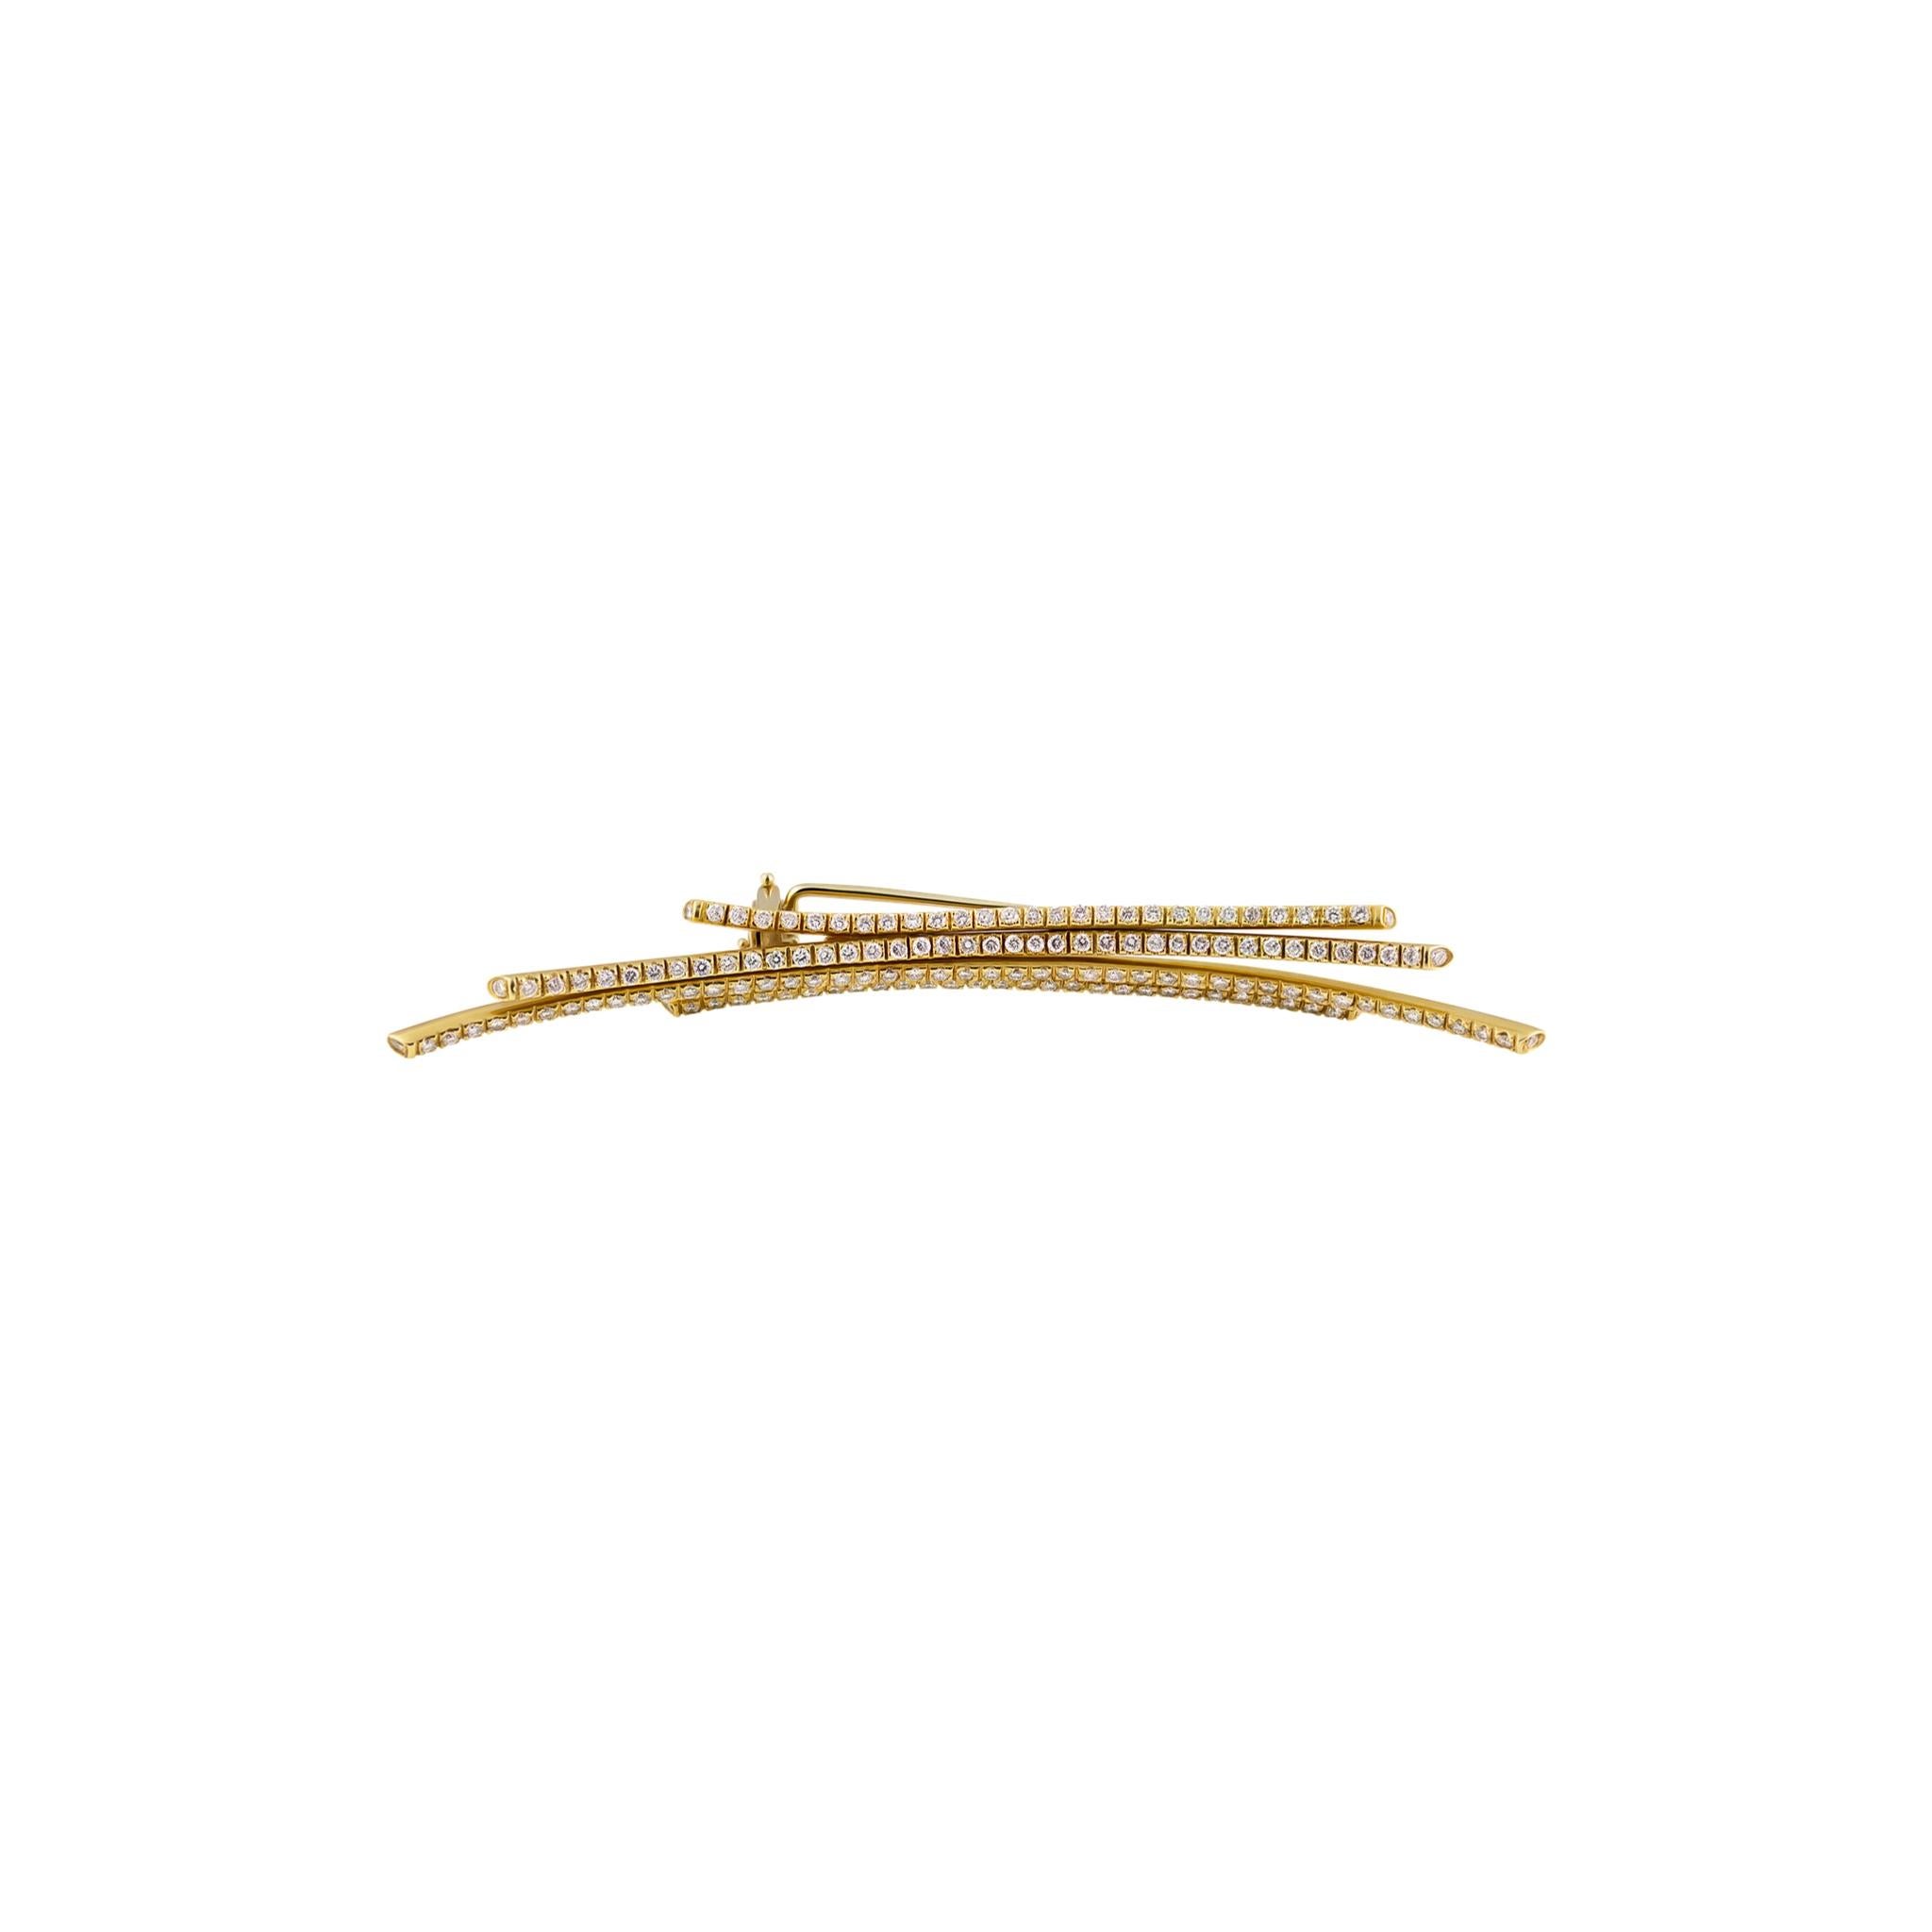 Stefan Hafner Pin
18K Yellow Gold
Diamond: 1.48ctw
Italian made
Retail price: $12,150.00
SKU: BLU01459

**WORK INSTRUCTIONS**
Above are the records; repeat them exactly, omitting every picture.

**ANSWER SECTION**
 Stefan Hafner Pin
18K Yellow Gold
Diamond: 1.48ctw
Italian made
Retail price: $12,150.00
SKU: BLU01459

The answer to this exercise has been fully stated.